La morale del mezzo
Pini scuri e immobili si riflettono su uno specchio d’acqua, calmo. I titoli di apertura scorrono su questo sfondo finché la quiete viene spezzata da un tonfo sordo che rompe l’acqua in mille cerchi concentrici. Comincia così Revanche di Götz Spielmann, impropriamente sottotitolato Ti ucciderò nella versione italiana. Impropriamente perché non ne è la traduzione, ma soprattutto perché inganna chi si accinge a vederlo. Non è un action movie e nemmeno un noir, forse un thriller ma più semplicemente un film drammatico. Ci si potrebbe trovare dell’ironia in questa pellicola, quella amara de L’uomo che non c’era, con un finale positivo, rasserenante, fin quasi “buonista” (elemento che di per sé lo allontana dal genere noir).

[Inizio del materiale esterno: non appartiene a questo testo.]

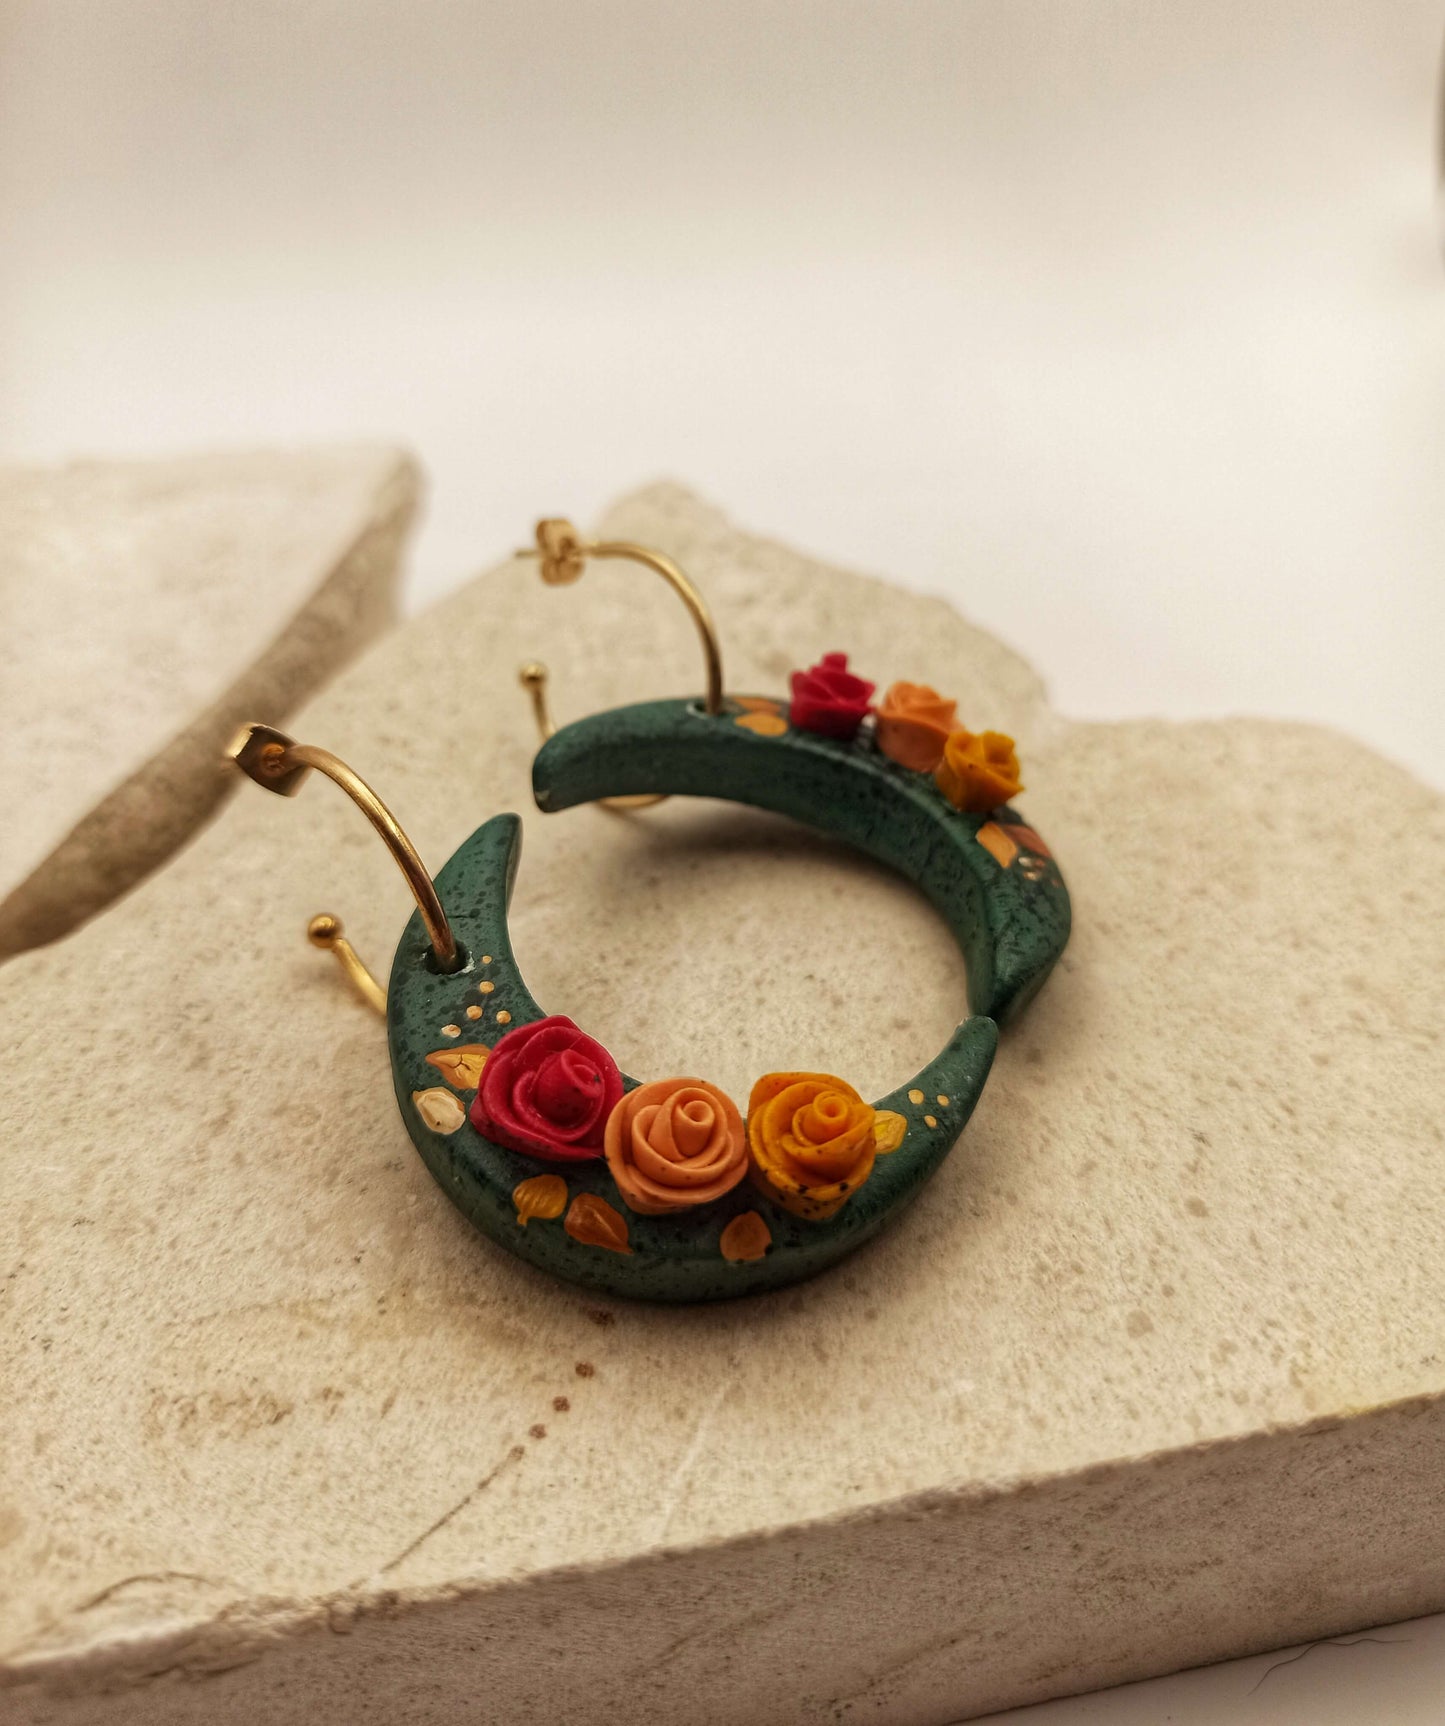 Celestial clay hand-made earrings

Da una trama incentrata sul senso della vendetta e sulla responsabilità delle nostre azioni, ci si aspetta conclusioni cupe, moraliste. Non che manchino in questo film, ma la sua è una morale del mezzo, dei grigi più che del bianco e nero. In un mondo dove le cose accadono per caso, i protagonisti trovano le risposte al proprio dolore in modi diversi: chi nella presenza di Dio, chi nella fatica del lavoro manuale. Se il racconto parte con un dualismo insistito fra due realtà quasi antitetiche (città / campagna, famiglia / bordello, torte / cocaina), si chiude affermando che i confini fra giusto e sbagliato sono poco definibili. E di conseguenza anche quelli della colpa.

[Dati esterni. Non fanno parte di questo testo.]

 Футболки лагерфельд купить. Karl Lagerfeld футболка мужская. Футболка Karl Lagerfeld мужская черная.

Il peccato e la pena, il colpevole e il giustiziere sono due facce della stessa medaglia, una testa e una croce che non si guardano ma che sono indissolubilmente legate dallo stesso dolore. È proprio quando queste due facce si affrontano direttamente che si demolisce la struttura su cui poggia il desiderio di rivalsa (Revanche). Solo allora si può gettare in fondo al lago la vendetta.
Curiosità
Il film ha ricevuto la nomination per l’Oscar come miglior film straniero e si è aggiudicato diversi premi collaterali nella sezione Panorama al festival di Berlino.